Exercise directions: Below are some records. Write out exactly their lines from the one with "3878 Portrait féminin au fusain sur papier" through the one with "Encadré dans un", and leave the pictures behind.

Raw data:
■ ■ ■ ■ ■

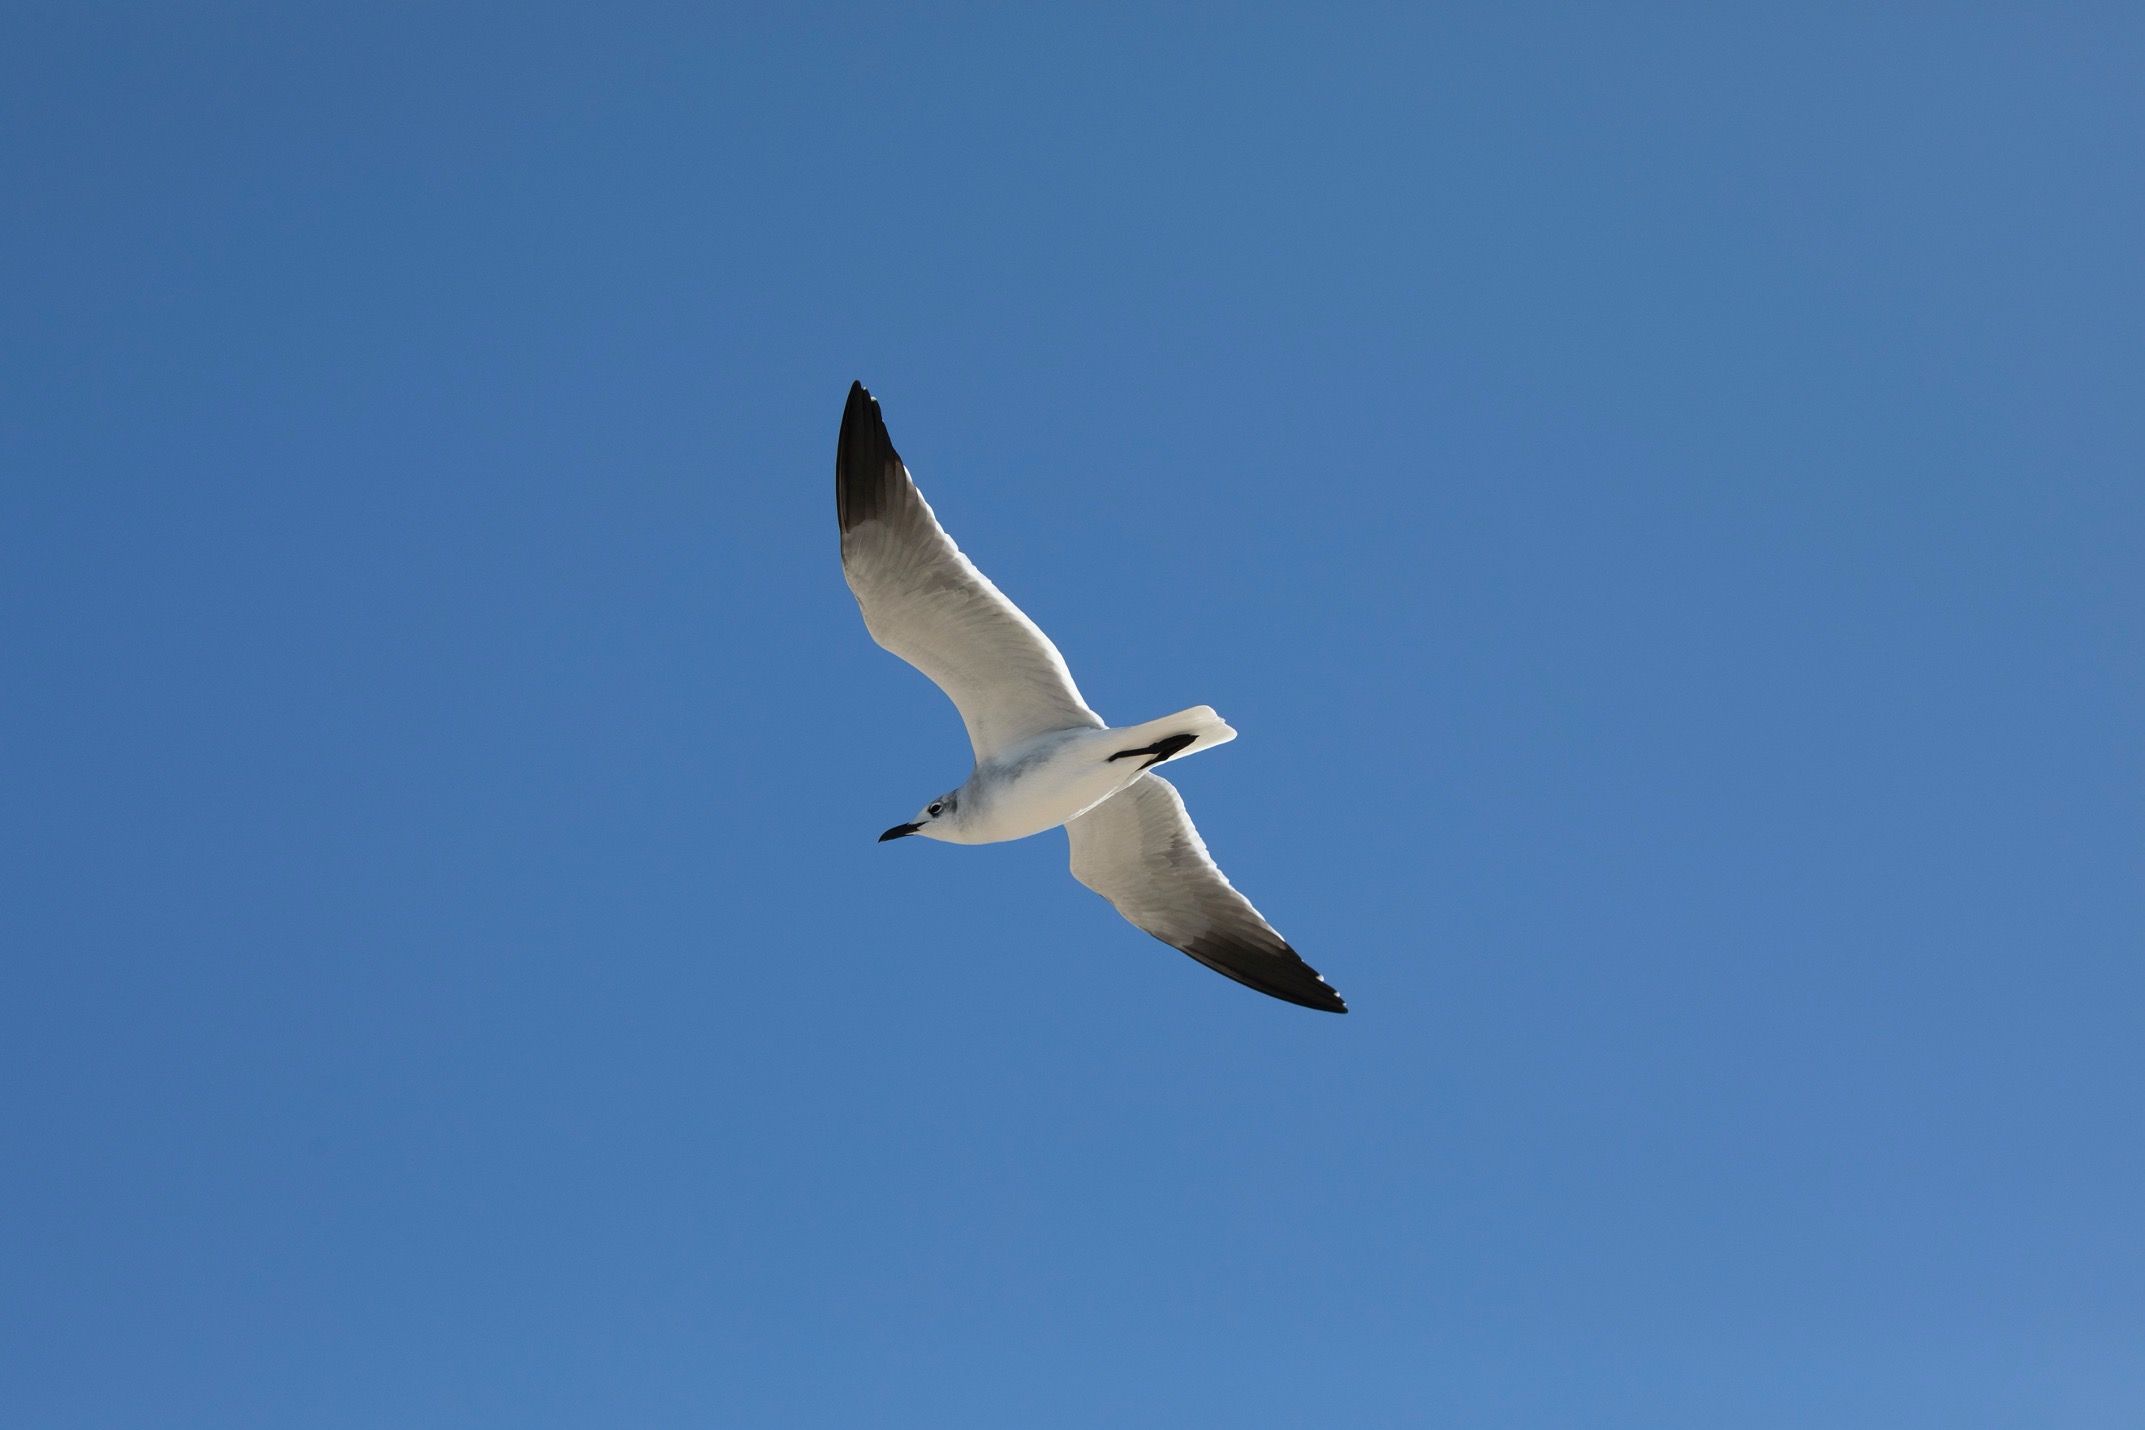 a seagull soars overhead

■ ■ ■ ■ ■

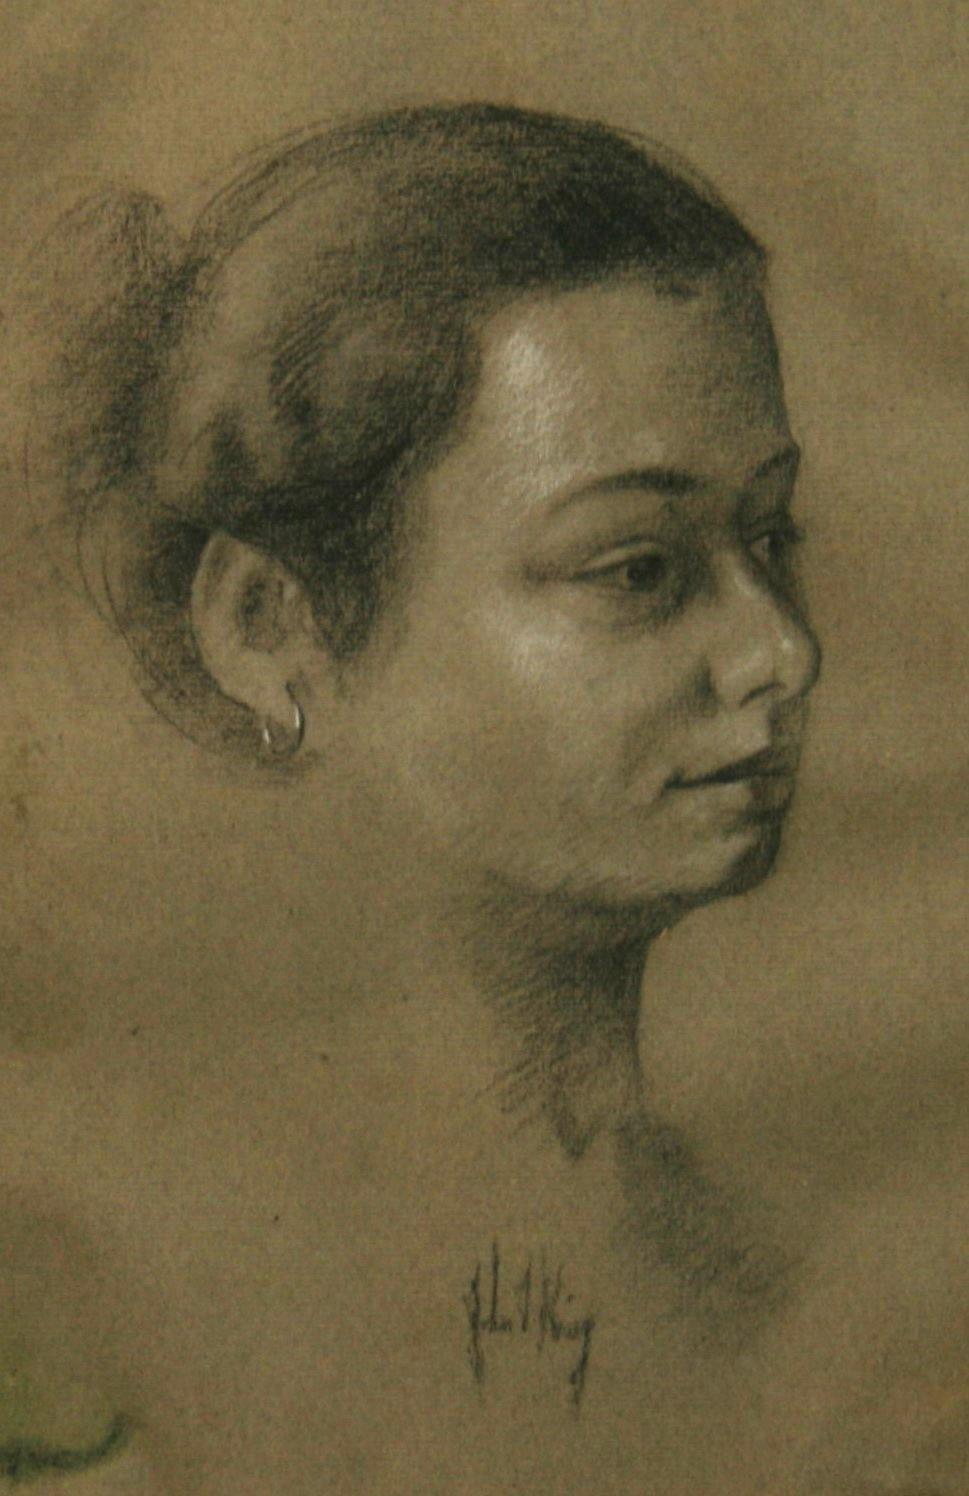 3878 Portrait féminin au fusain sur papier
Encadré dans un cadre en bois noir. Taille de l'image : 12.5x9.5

■ ■ ■ ■ ■

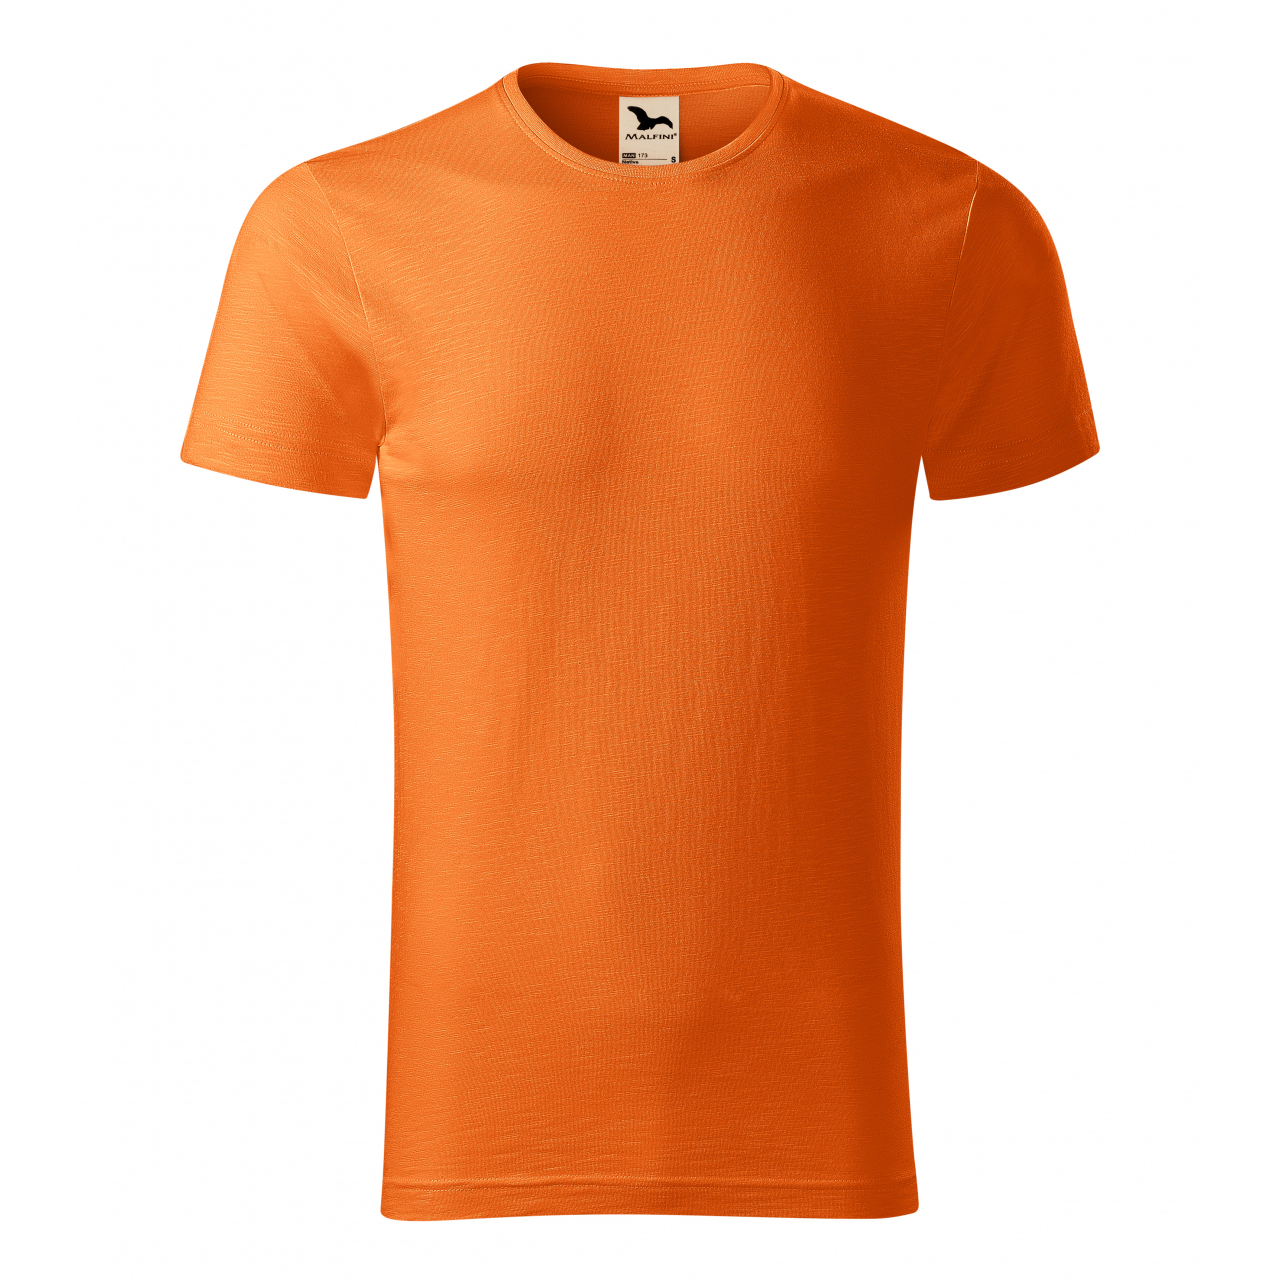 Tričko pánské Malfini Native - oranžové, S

■ ■ ■ ■ ■

Exercise output:
 3878 Portrait féminin au fusain sur papier
Encadré dans un cadre en bois noir. Taille de l'image : 12.5x9.5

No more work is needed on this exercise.